North American Network Operators Group

Date Prev | Date Next | Date Index | Thread Index | Author Index | Historical

RE: Global BGP - 2001-06-23 - Vendor X's statement...

  • From: Sean Donelan
  • Date: Tue Jun 26 22:26:51 2001

On Tue, 26 June 2001, "Richard A. Steenbergen" wrote:
> On 26 Jun 2001, Sean Donelan wrote:
> > There will always be cases where Vender A thinks they are correct and
> > Vendor B thinks they are correct, and they differ.  And you are
> > correct, either the sender has done something wrong or the receiver
> > has done something wrong, hence the Internet motto.
> 
> But there there should be no room for debate, one side is right and the
> other side is wrong. If there is really a grey area, the solution is to
> fix the wording of the standards document, not to try and overlook the
> problem.

I'm not proposing we overlook the problem.  However, software is very
bad at deciding who is right and who is wrong.  Other than malware, most
vendor software does not deliberately send bad data.  The software, or
rather the programmer who wrote the software, thought the program was
sending correct data.  Later when humans looked at the data, humans
decided the data was wrong and fixed the software.
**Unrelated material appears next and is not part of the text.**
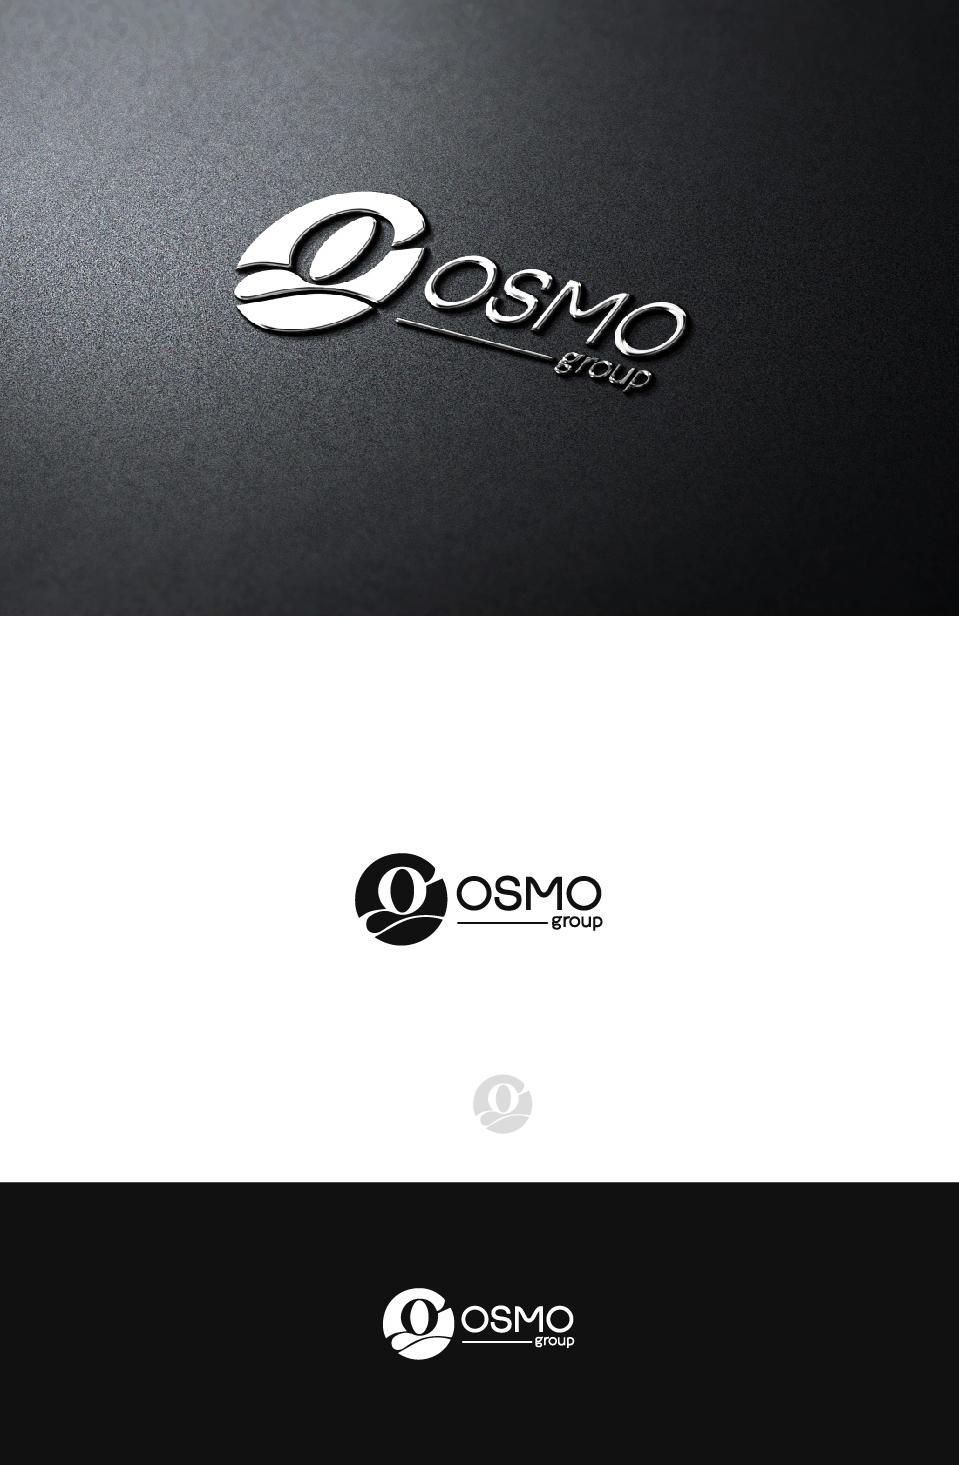 Создание логотипа для строительной компании OSMO group  фото f_75659b459e75414e.jpg

What do we do between the time the software makes an error, and time the
humans can interven?

Have the software, with no human oversight, nuke everything?  The Blue
Screen Of Death may be a very "safe" for software to do when it encounters
an error.  However, it is not a very good thing for system availability.

I agree error handling is "hard."

Aborting the entire BGP session makes the Internet more brittle than
necessary. In the hours/days between the software sending the data, and
the humans fixing it, the network was hurting a lot more than you would
expect from a single bad route.  The constant cycle of abort, reset, route
flap was an amazing multiplier effect of one bad route.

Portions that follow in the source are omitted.